A stunning blend of electronica and rock, Low-Life wasn’t, according to Hook, an attempt to chase the success of New Order’s massive 1983 hit “Blue Monday.” It just felt like the right time to record the next batch of songs they’d written. Still, the album’s lead single, “The Perfect Kiss,” quickly became a hit – though the band wasn’t thinking in those terms. “We didn’t care, to be honest. Once a song was finished, it was gone,” Hook says. “Our manager used to say, ‘The best song is your next one.’”
Yet, he recalls the painstaking nine months it took to finish the song, followed by three exhausting days and nights at the mixing console. “I woke up and had the imprints of all the knobs on my forehead,” he says, laughing.
In the meantime, thanks to touring, “The Perfect Kiss” still feels fresh to Hook. It remains a staple in Peter Hook & The Light’s live shows, as does Low-Life‘s “Love Vigilantes.”
Revisiting the album to relearn the songs, however, evoked difficult feelings tied to his acrimonious 2007 split from the group. “As much as I hate to say this, I can’t fucking stand hearing Barney’s voice,” Hook says of Bernard Sumner, his former bandmate, and co-founder of both New Order and Joy Division. “Everything has been colored by that ending…the spit, bile and hate.”

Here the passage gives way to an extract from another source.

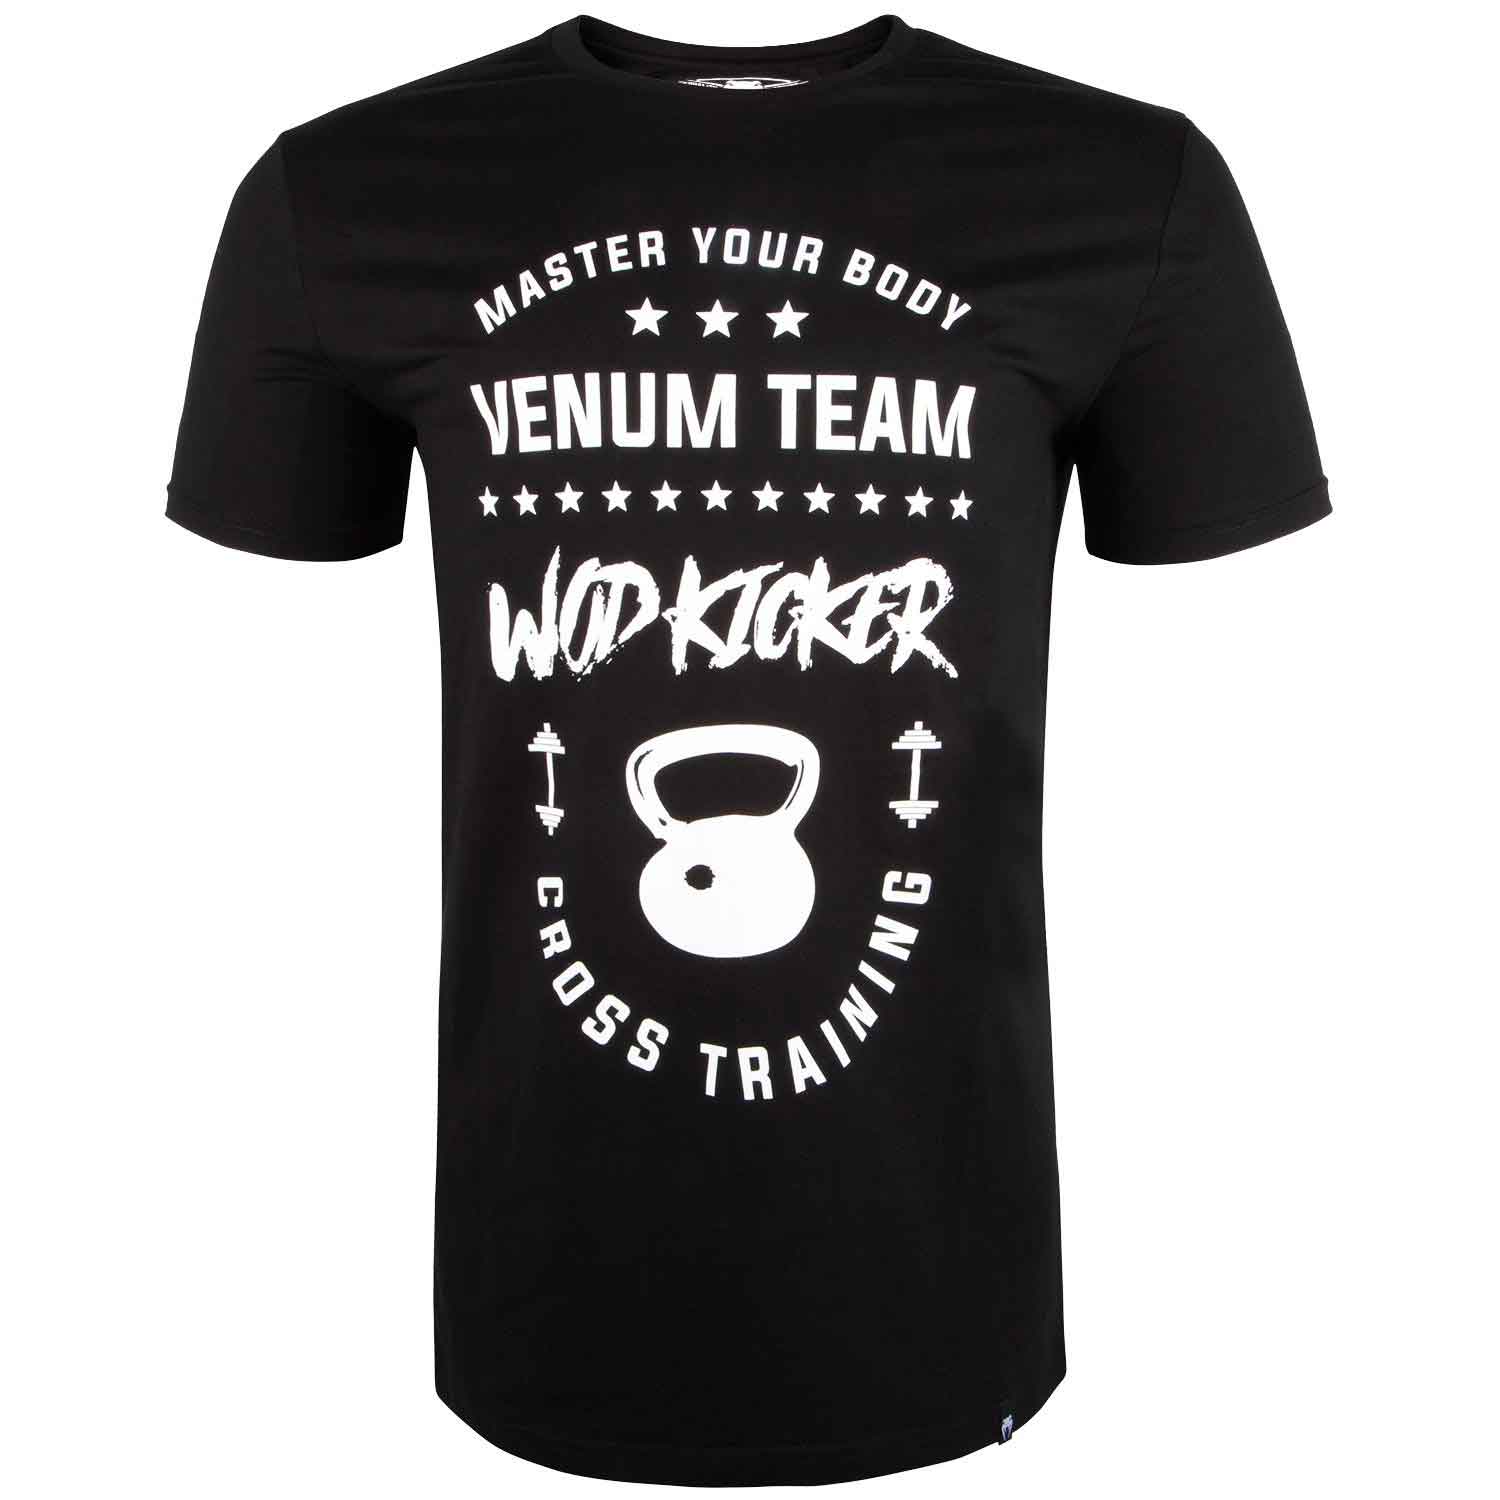 VENUM Tシャツ WOD KICKER(黒/白)
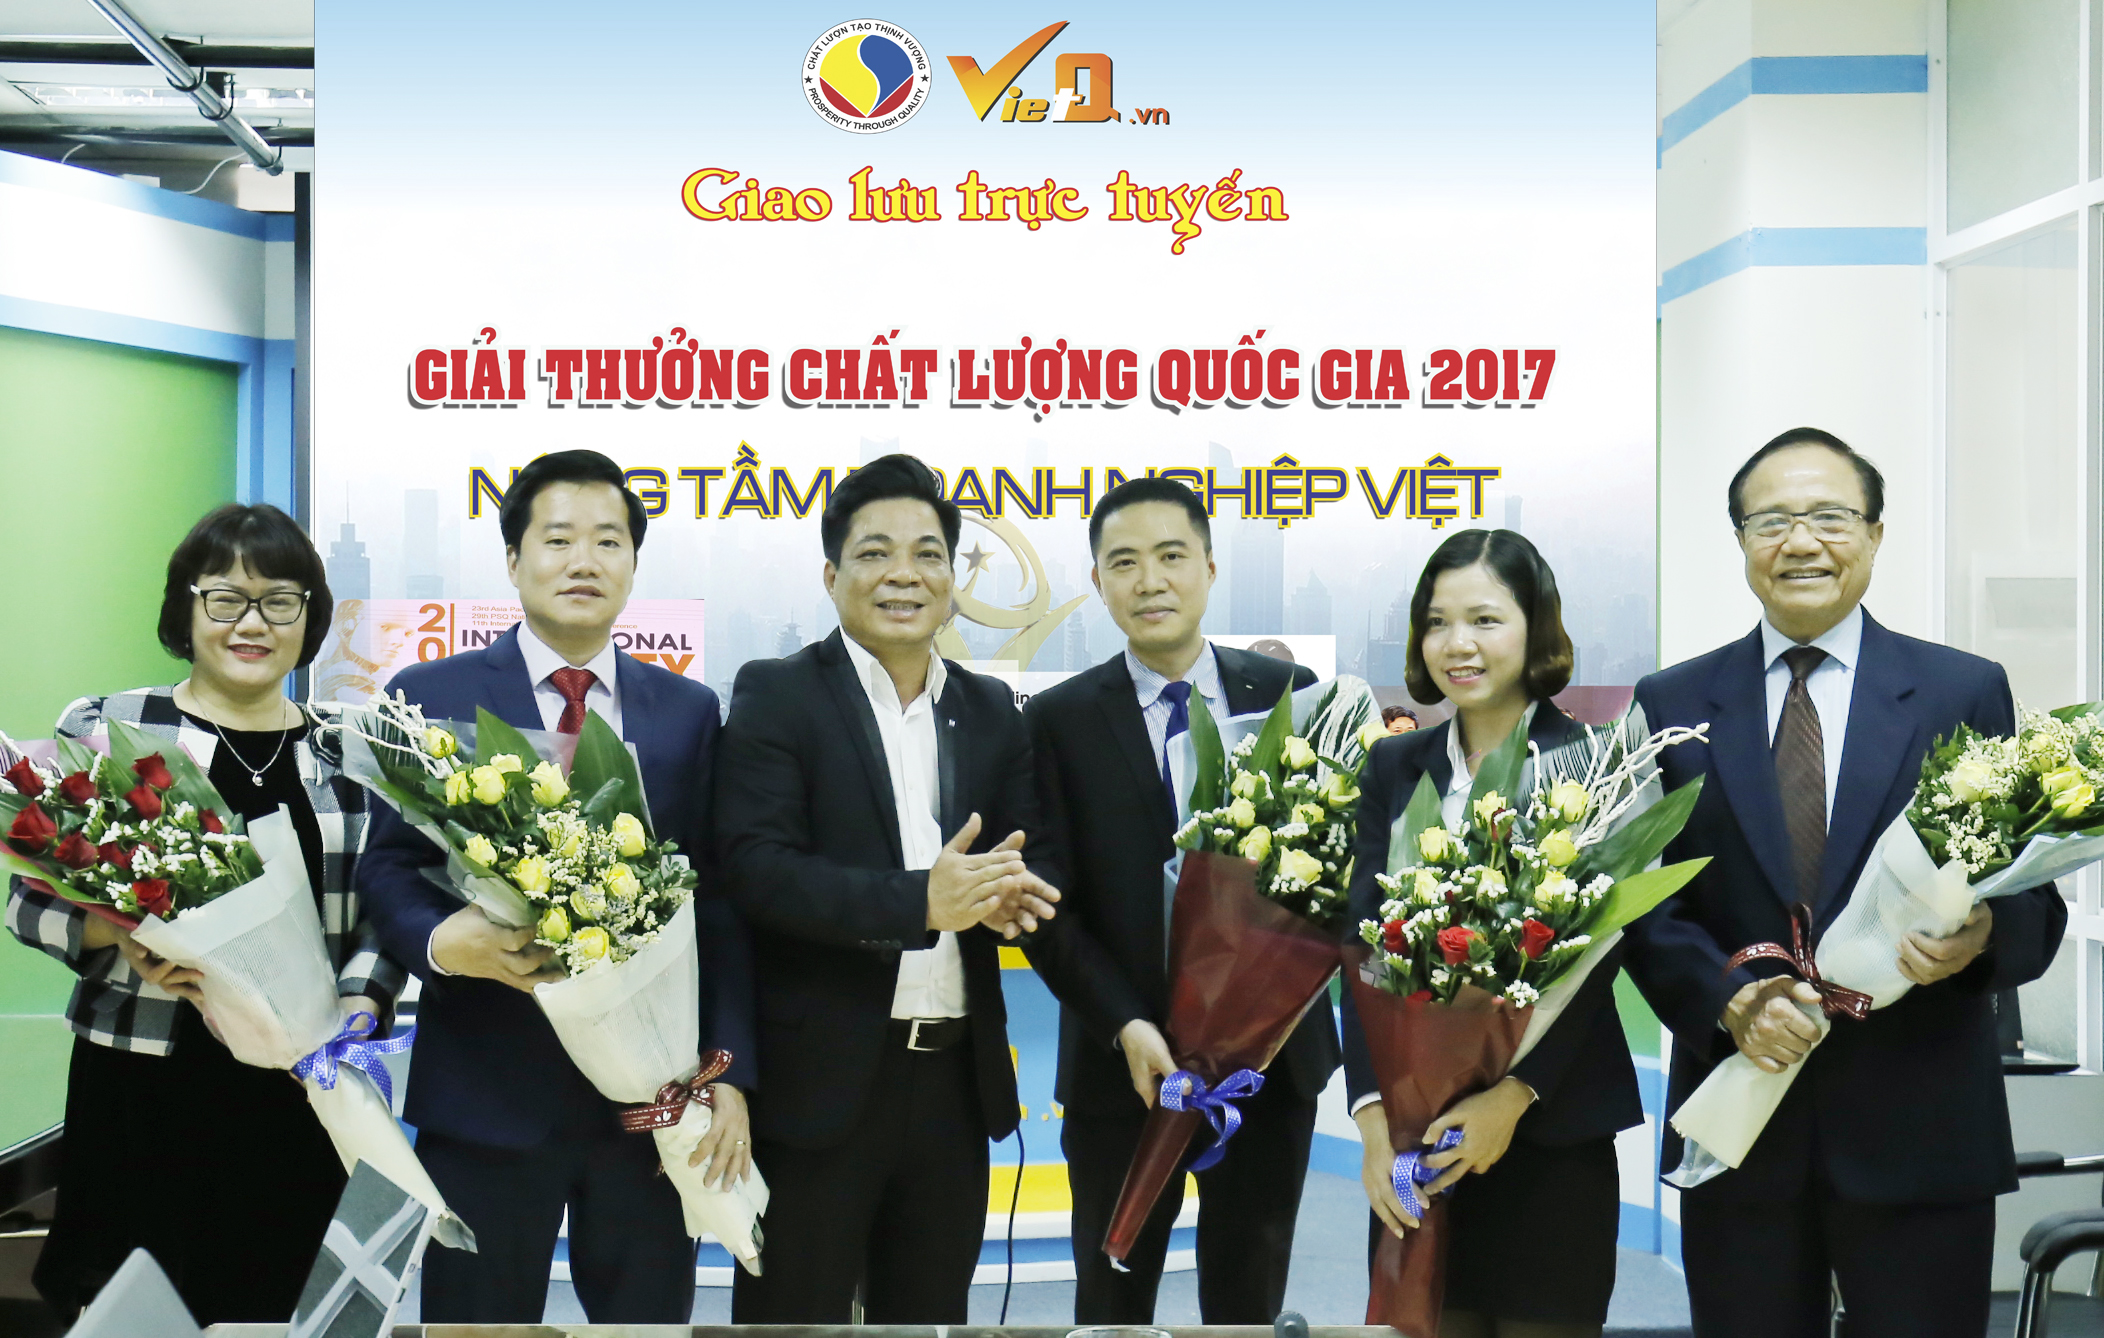 Tổng Biên tập Chất lượng Việt Nam online (VietQ.vn) Trần Văn Dư tặng hoa các khách mời tham gia chương trình giao lưu trực tuyến.

He likens his current relationship with the band to “a nasty divorce,” further complicated by the songs that bind them – “like children that tie us together forever.”
Yet performing the music brings joy amid their painful division. “When we were together, it didn’t make me happy, because the others were always changing things to get away from the sound of New Order,” Hook reflects. “But the wonderful thing about playing the songs now, exactly as they were written and recorded, is that it makes me happy.”